Here’s how the tax deferral works step-by-step in the context of a 1031 DST exchange:

  1. Sale of the Original Property
  • When an investor sells their original property (known as the “relinquished property”), the sale typically triggers capital gains taxes on any appreciation in value, depreciation recapture, and possibly state taxes.
  • However, under a 1031 exchange, if the investor does not take possession of the proceeds (i.e., they are held by a Qualified Intermediary), they can defer these taxes.
  1. Reinvestment into a DST
  • To maintain the tax deferral, the investor must reinvest the proceeds from the sale into a “like-kind” property. A DST, as a legal entity that holds real estate, qualifies as such.
  • Investors purchase a fractional interest in the DST, which owns large properties (like commercial buildings, multifamily units, or other institutional-quality assets). The investor’s interest in the DST is considered ownership of real estate for 1031 purposes, allowing the tax deferral to continue.
  1. Deferral of Capital Gains Taxes
  • Capital Gains Taxes: These are taxes on the profit made from the sale of the relinquished property. By reinvesting in a DST through a 1031 exchange, the investor defers these taxes indefinitely until a future taxable event, such as when the DST property is sold or the investor chooses to cash out.
  • Depreciation Recapture: Depreciation deductions taken over the years on the original property are subject to recapture at a 25% tax rate upon sale. This tax is also deferred in a 1031 exchange when reinvested in the DST.
  • State Taxes: If the sale occurs in a state with capital gains taxes (like California), these state-level taxes are also deferred as part of the 1031 exchange when the DST is used as the replacement property.
  1. No Immediate Tax Liability
  • As long as the proceeds are reinvested within the rules of a 1031 exchange (i.e., 45 days to identify a new property or properties and 180 days to complete the transaction), the investor owes no immediate taxes on the sale of the relinquished property.
  • The deferred taxes are carried forward and will only be due if the investor eventually sells the DST interest (or another property acquired through a subsequent 1031 exchange) without completing another exchange.
  1. Continuation of the Deferral
  • The deferral of taxes continues as long as the investor continues to perform 1031 exchanges. There is no limit to the number of times an investor can defer taxes by exchanging into new properties.
  • Many investors continue to perform 1031 exchanges over time, effectively “deferring until death”. Upon death, the investor’s heirs can inherit the DST (or other real estate interests acquired through 1031 exchanges) at a stepped-up basis. This means the property is revalued at the current market price, and the heirs can sell the asset without having to pay the deferred capital gains taxes, effectively eliminating the deferred tax liability.
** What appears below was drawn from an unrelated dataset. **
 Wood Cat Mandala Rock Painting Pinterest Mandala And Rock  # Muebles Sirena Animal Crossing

Example of Tax Deferral in a 1031 DST Exchange

Let’s assume an investor originally purchased an apartment building for $500,000 and sells it for $1,000,000. Without a 1031 exchange, they would be responsible for the following taxes:

  • Capital Gains Tax: Based on the $500,000 appreciation in value.
  • Depreciation Recapture: Suppose they took $100,000 in depreciation deductions over the years. They would owe a 25% tax on this amount.
  • State Taxes: Assuming state capital gains taxes apply.
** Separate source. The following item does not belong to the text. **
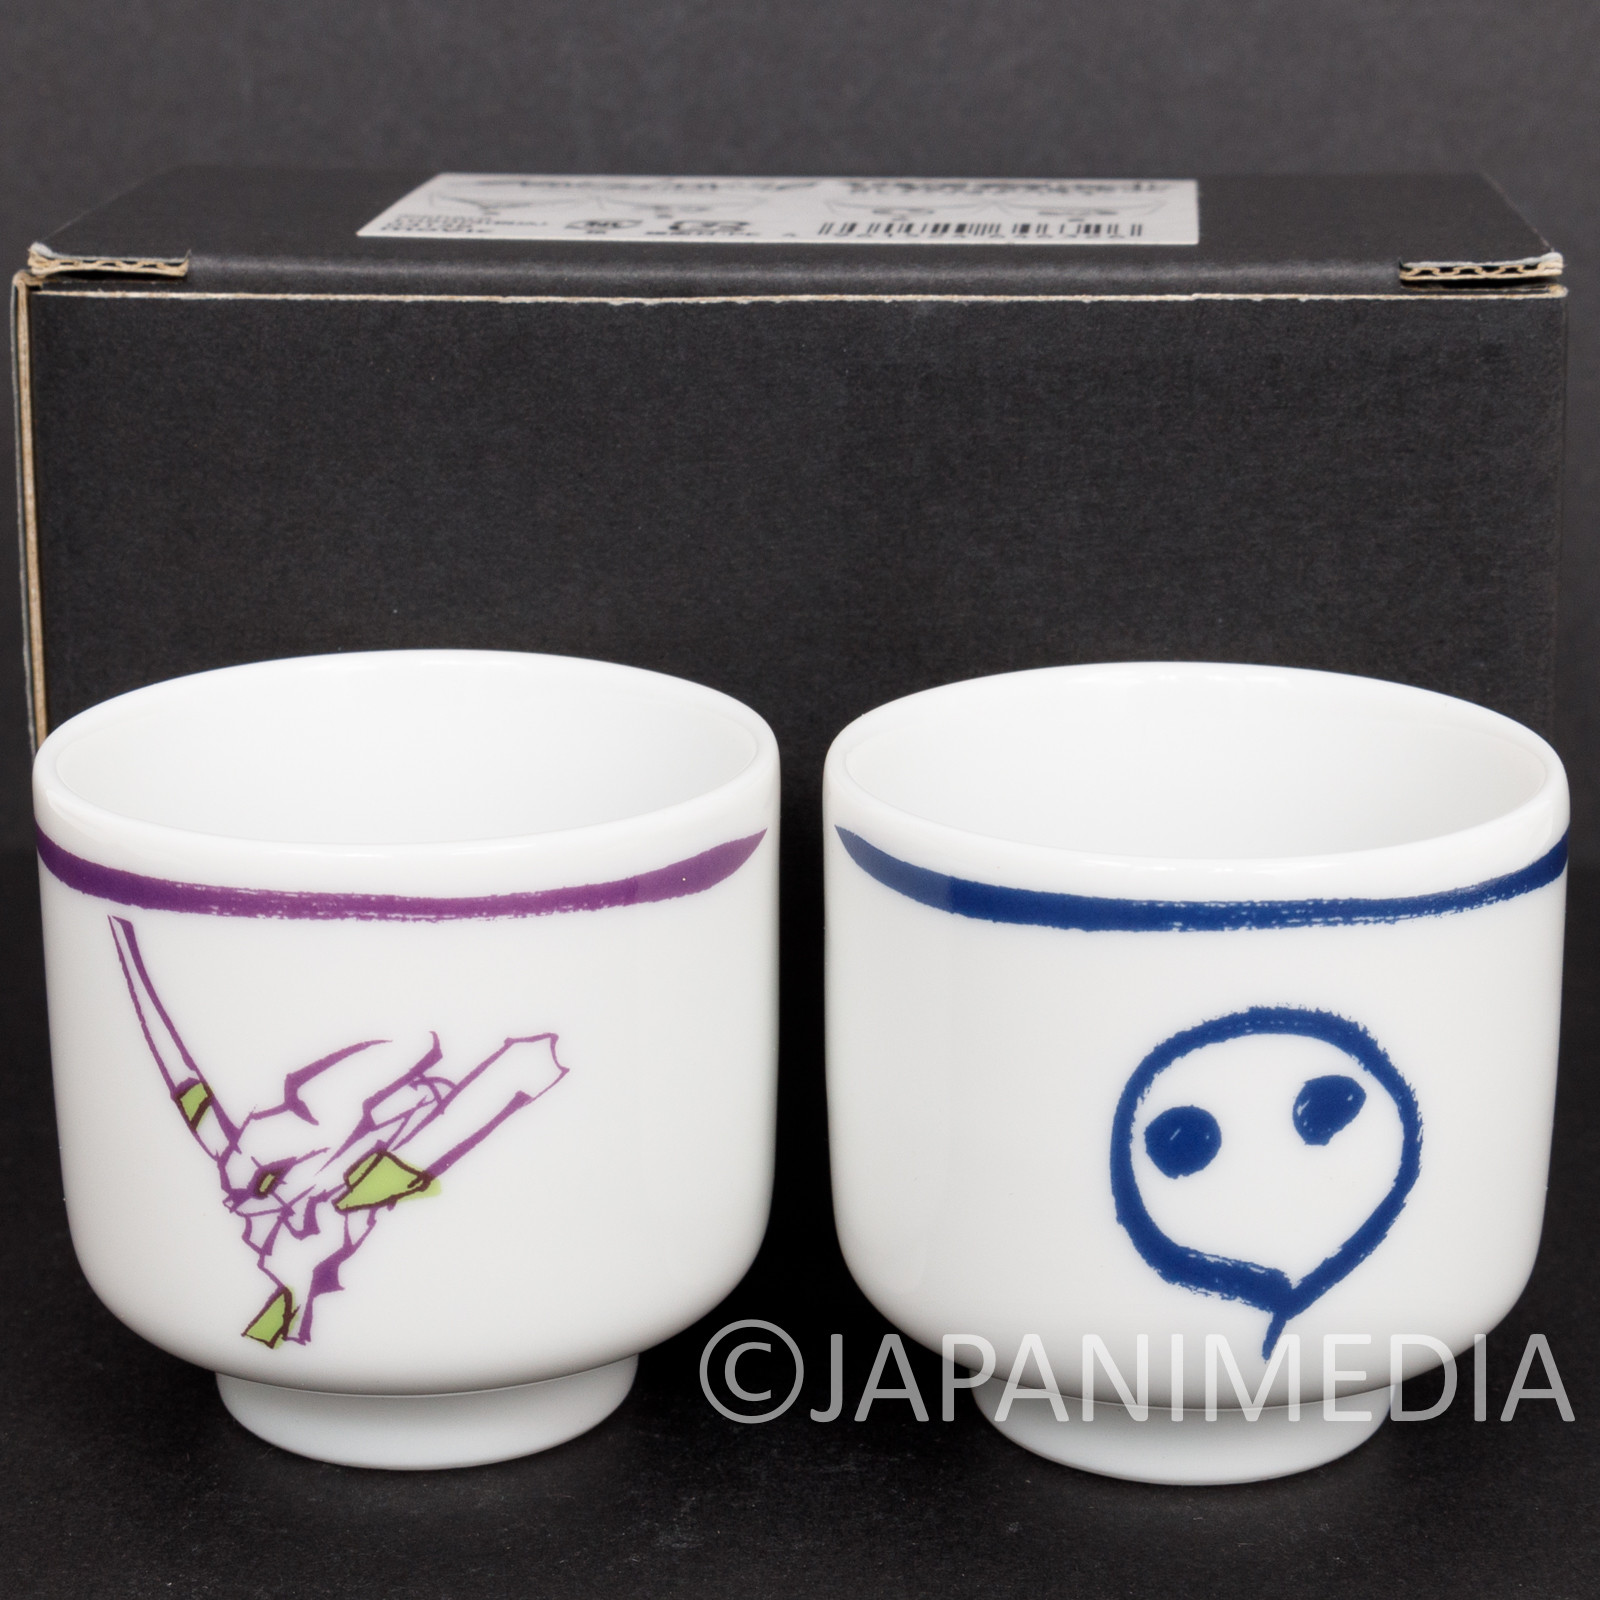 Evangelion Japanese Cup Ochoko 2pc Set JAPAN ANIME

If the investor used a 1031 DST exchange, they could defer all these taxes by reinvesting the $1,000,000 into a DST. They wouldn’t pay capital gains or depreciation recapture taxes until they eventually sold their DST interest and did not reinvest in another like-kind property.
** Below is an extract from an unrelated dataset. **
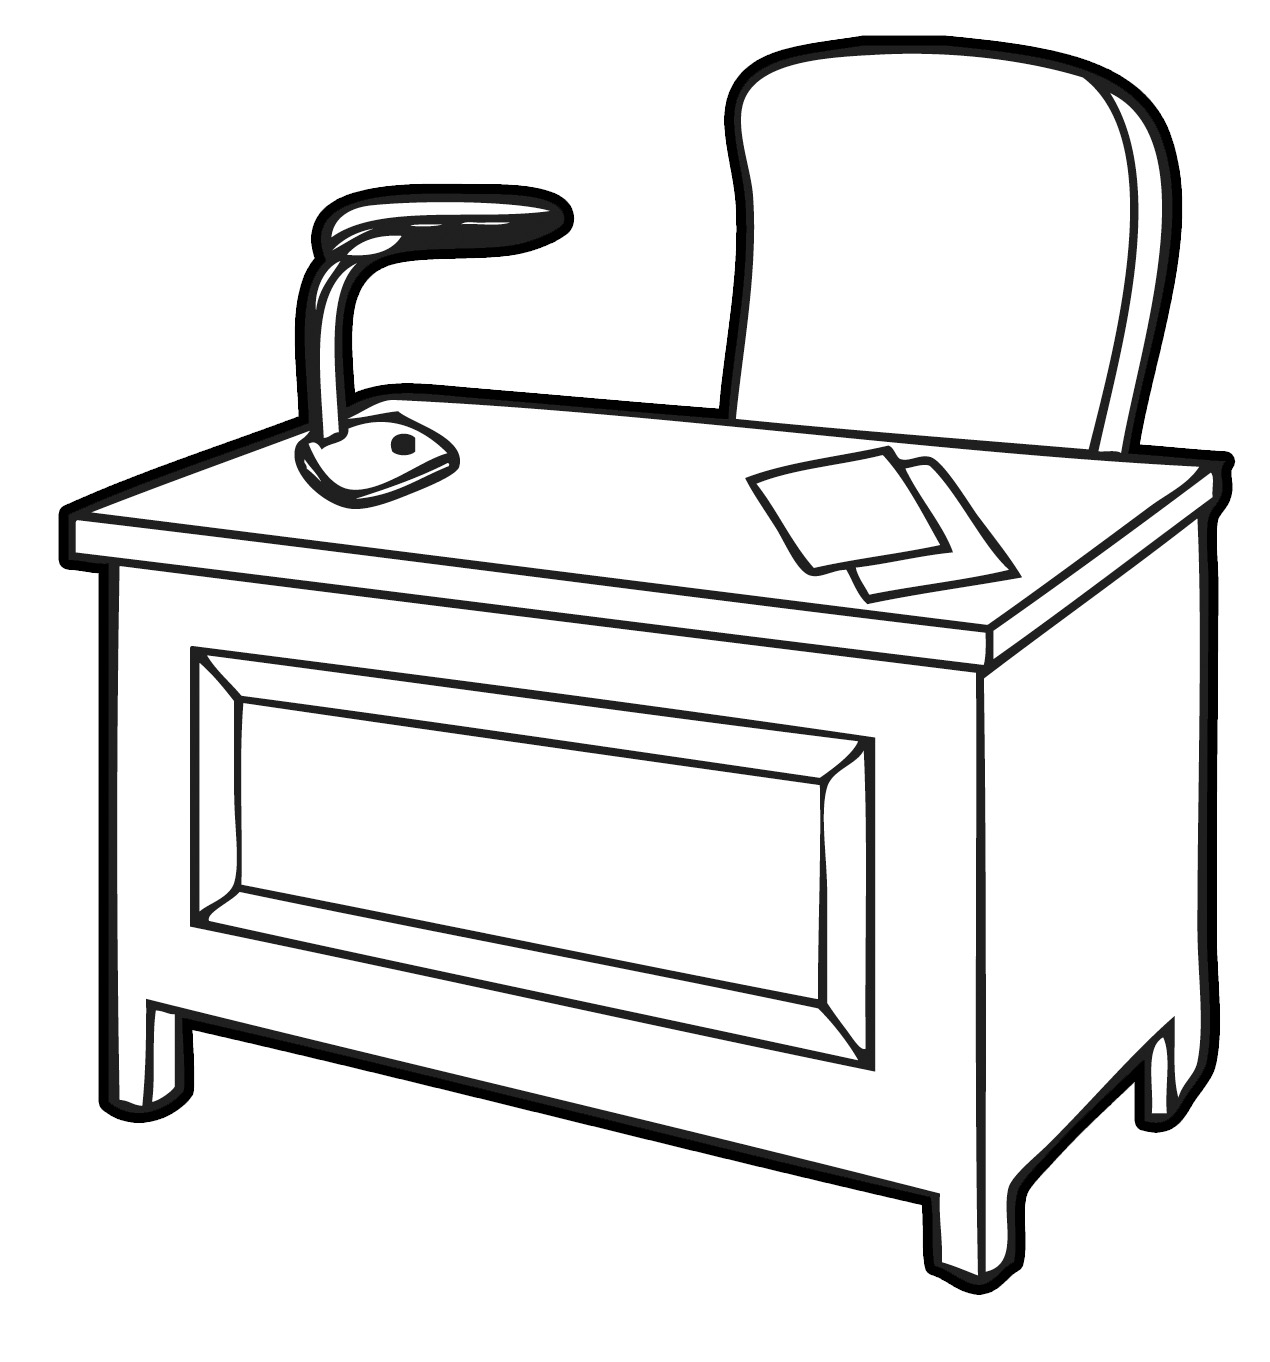 Desk Clipart Desk Clipart .-Desk Clipart Desk Clipart .-12

Benefits of Deferring Taxes

  • More Investment Capital: By deferring taxes, the investor has more capital to invest in the DST, which could generate higher returns than if they had to pay taxes upfront.
  • Compounding Returns: The deferred tax amounts can effectively work as additional capital to generate compounding returns over time.

Final Tax Implications

  • If the DST property is sold or liquidated, the investor would again face the same tax liabilities unless they perform another 1031 exchange into a new property.
  • If the investor holds the DST interest until death, their heirs may inherit the property at a stepped-up basis, potentially eliminating the deferred taxes entirely.

A 1031 DST exchange allows investors to sell appreciated real estate and reinvest in a DST while deferring all taxes, including capital gains, depreciation recapture, and state taxes, until a future sale or potentially eliminating those taxes through estate planning.